Se atendermos o facto de as Mudanças Climáticas, protagonizadas principalmente pela industrialização ocidental, terem propiciado doenças trazidas pelo aumento da temperatura, ilhas de calor e baixa qualidade do ar, tendo afectado povos africanos, sobretudo os rurais, que passaram a exercer maior pressão sobre os ecossistemas  como é o caso das queimadas descontroladas à busca de alternativas de subsistência, parece-nos haver falta de honestidade na hora de tomar decisão sobre o futuro do Planeta. Parece-nos haver uma autêntica falta de “fair play” ecológico – na medida em que os fenómenos atmosféricos que hoje assolam África seriam muito menos violentos se os países ocidentais, hoje industrializados, não tivessem indiscriminadamente agredido o meio ambiente ao longo da história.

 

É verdade que, pelo reconhecimento da degeneração da qualidade dos ecossistemas globais e da ameaça das mudanças climáticas, muitos países vêm se reunindo desde a primeira Conferência ecológica em Estocolmo (Suécia – 1972), passando pelo Eco 92 no Rio de Janeiro (Brasil – 1992), o Cop1 em Berlim (Alemanha – 1995), até ao presente Cop26 em Glasgow (Escócia – 2021), com o objectivo de assumir o compromisso de limitar as mudanças climáticas, através da adopção de medidas que visam reduzir as emissões e construir resiliência. Mas é também verdade que no ano em que o Acordo de Paris foi adotado reconheceu-se que os compromissos sobre a mesa não seriam suficientes, ainda que os países materializassem suas promessas, as temperaturas globais subiriam 3°C neste século.

 

Sobre esse compromisso, sobre a Transição Energética e todas outras acções a serem levadas a cabo pelos países, visando conter a subida das temperaturas globais, lembremo-nos que, no Acordo de Paris, pediu-se maior apoio financeiro dos países desenvolvidos para auxiliar os esforços de acção climática dos países em desenvolvimento e economicamente periféricos. Este resgate de memória vem a-propósito para lembrar o facto de ter ficado claro que os países, principalmente ocidentais, que escalaram o crescimento e desenvolvimento económico por via da degeneração da qualidade ecológica devem ressarcir os que durante anos mantiveram a mais exemplar postura ambiental como é o caso de Moçambique.
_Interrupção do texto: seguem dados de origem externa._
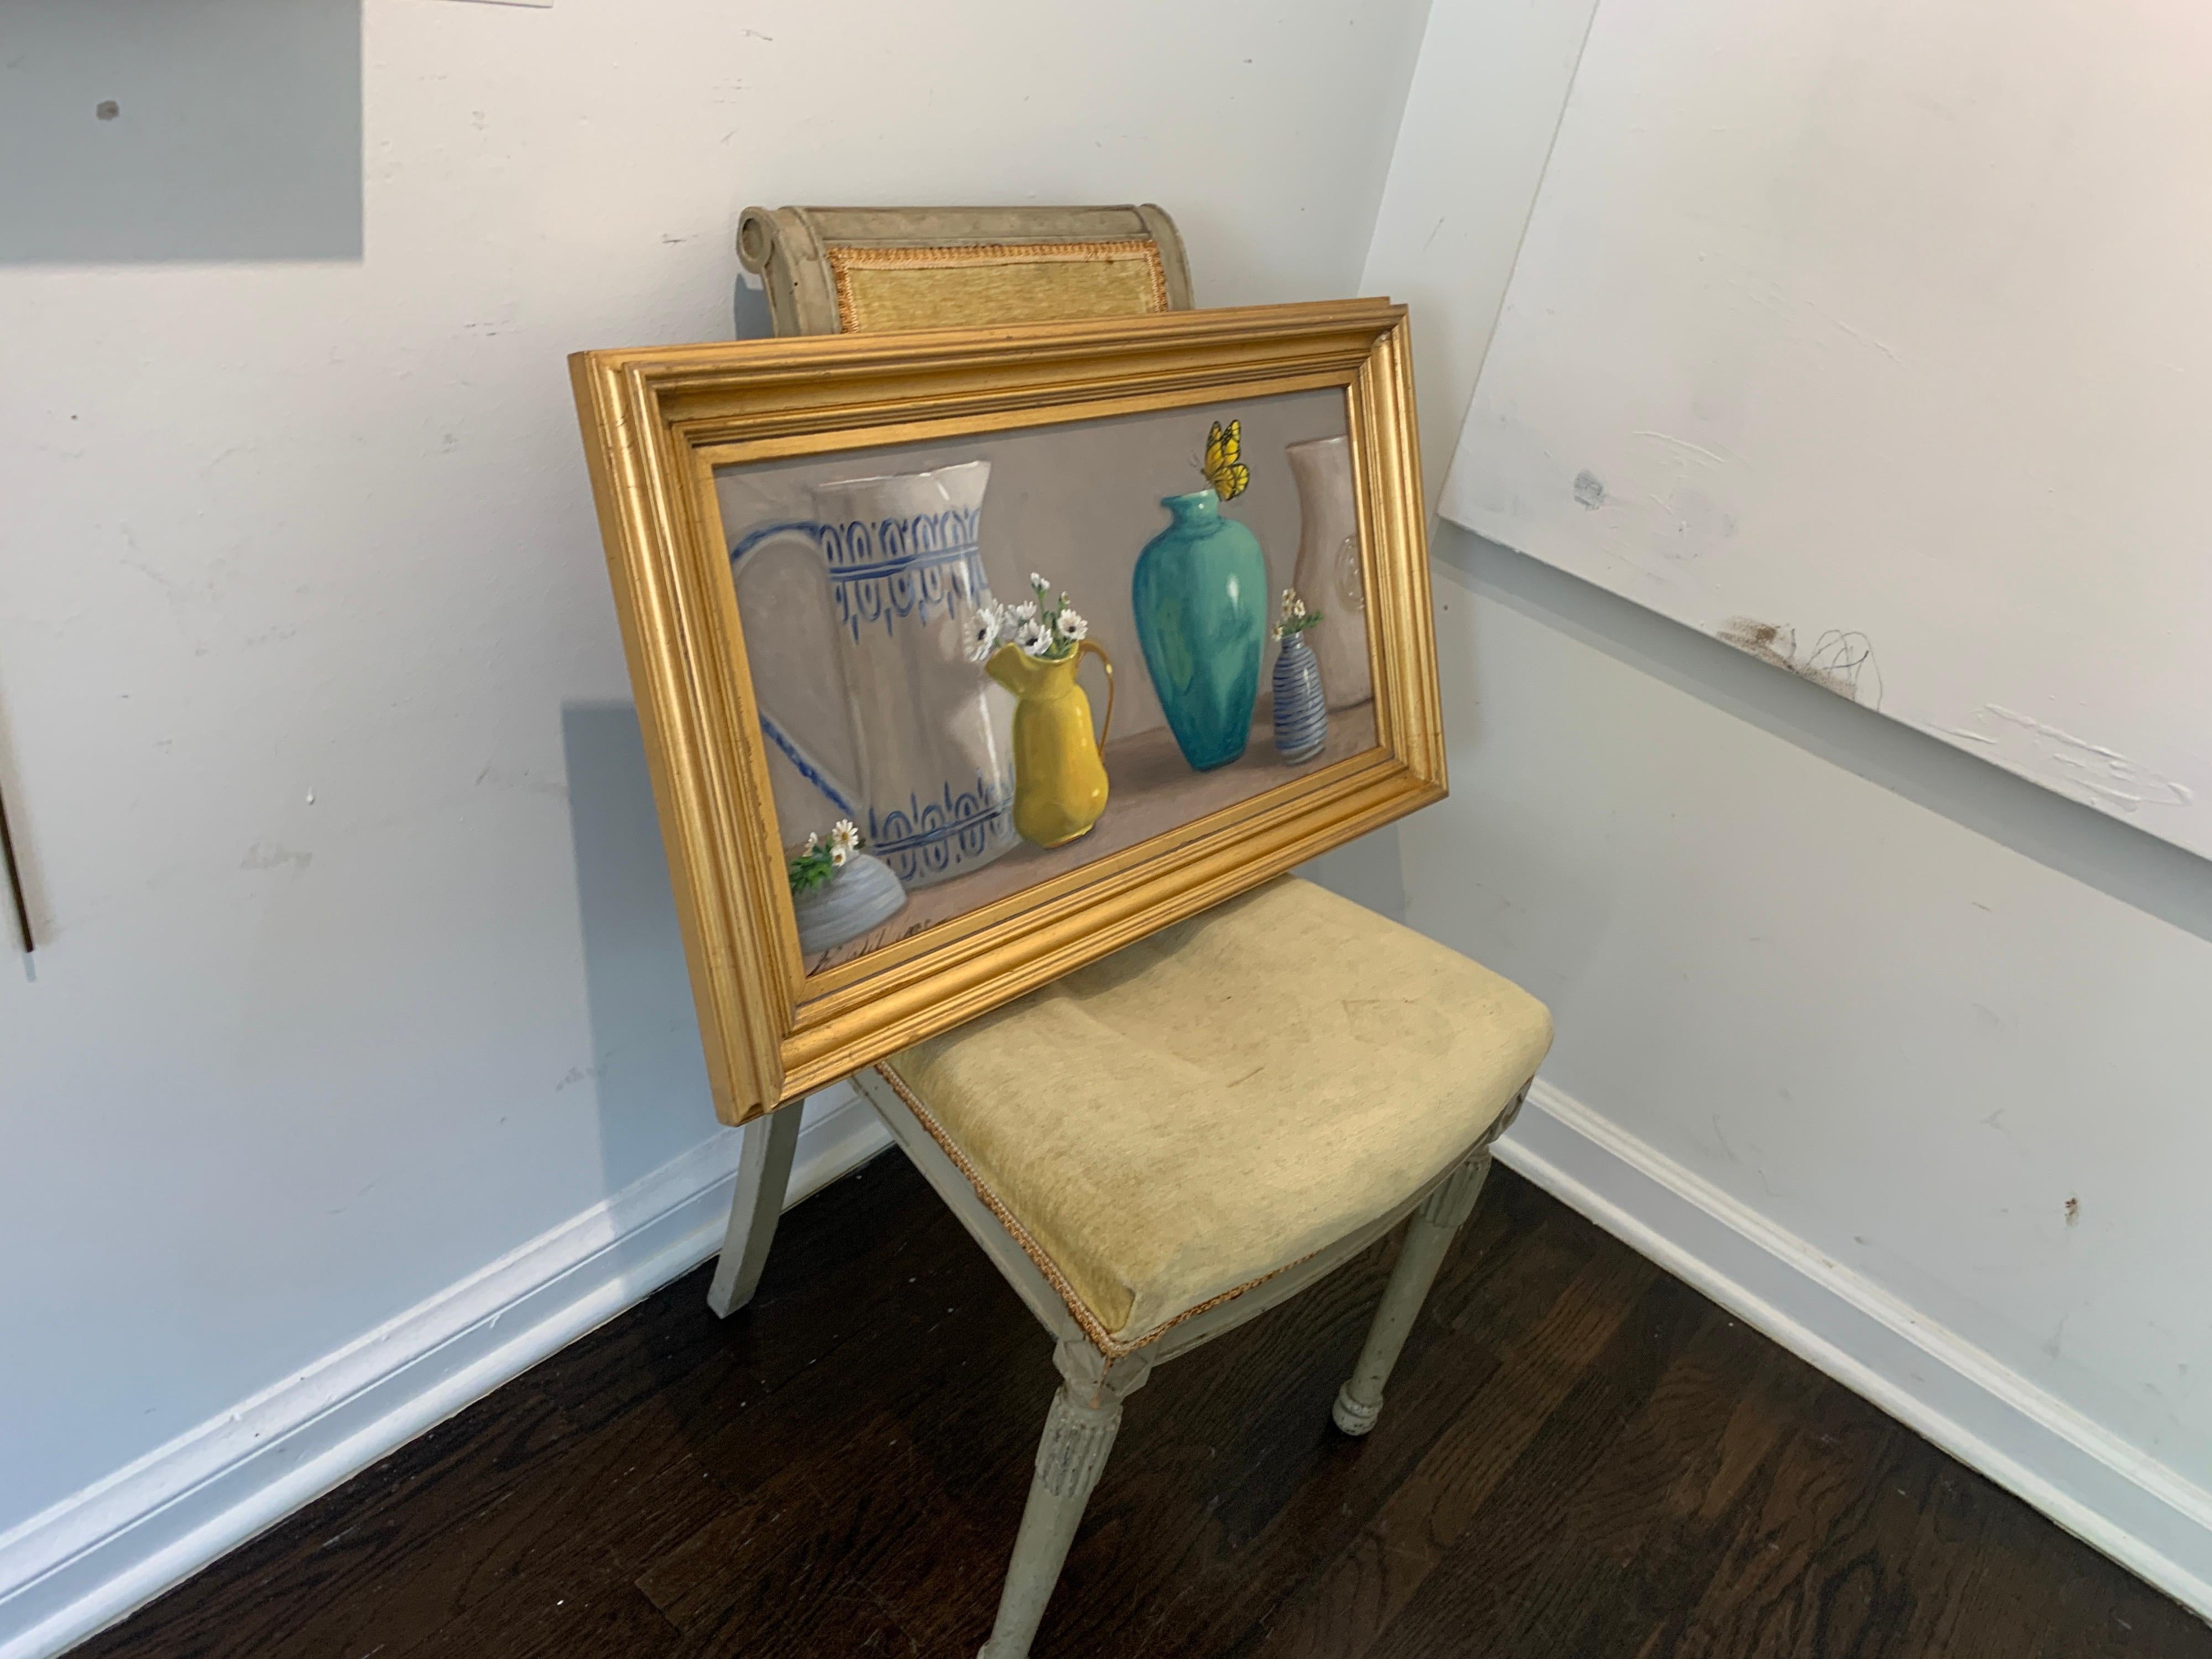 Ginny demonstrates here both her talent as a colorist and her understanding of Old Masters' techniques. Set inside a gold frame with gilt molding, this small horizontal format is signed lower left. Without its frame, this oil on canvas painting

Se considerarmos que a implantação de um sistema industrial centrado em energias renováveis é extremamente caro, seria muito justo que o Banco Mundial, a União Europeia e o Reino Unido, que decidiram travar o financiamento aos projectos de exploração de combustíveis fosseis, abrissem excepção ao financiamento dos projectos de Gás, como manifestação da sua preocupação para com o crescimento e desenvolvimento económico de Moçambique – atendendo que nenhum dos país ricos alcançou o Índice de Desenvolvimento Humano por via do milagre, senão pela fustigação ecológica. Para além de o Gás ser cientificamente considerado hidrocarboneto menos nocivo que o Petróleo e Carvão, é presentemente o potencial factor de autofinanciamento à Transição Energética do país. Portanto, quando o ocidente furta-se das suas responsabilidades e compromissos, e opta por ignorar os aspectos aqui arrolados, parece-nos estar a assumir uma atitude de falta de “fair play” ecológico e a oferecer-nos um discurso ornamentado de aporias sobre a Transição Energética em Moçambique.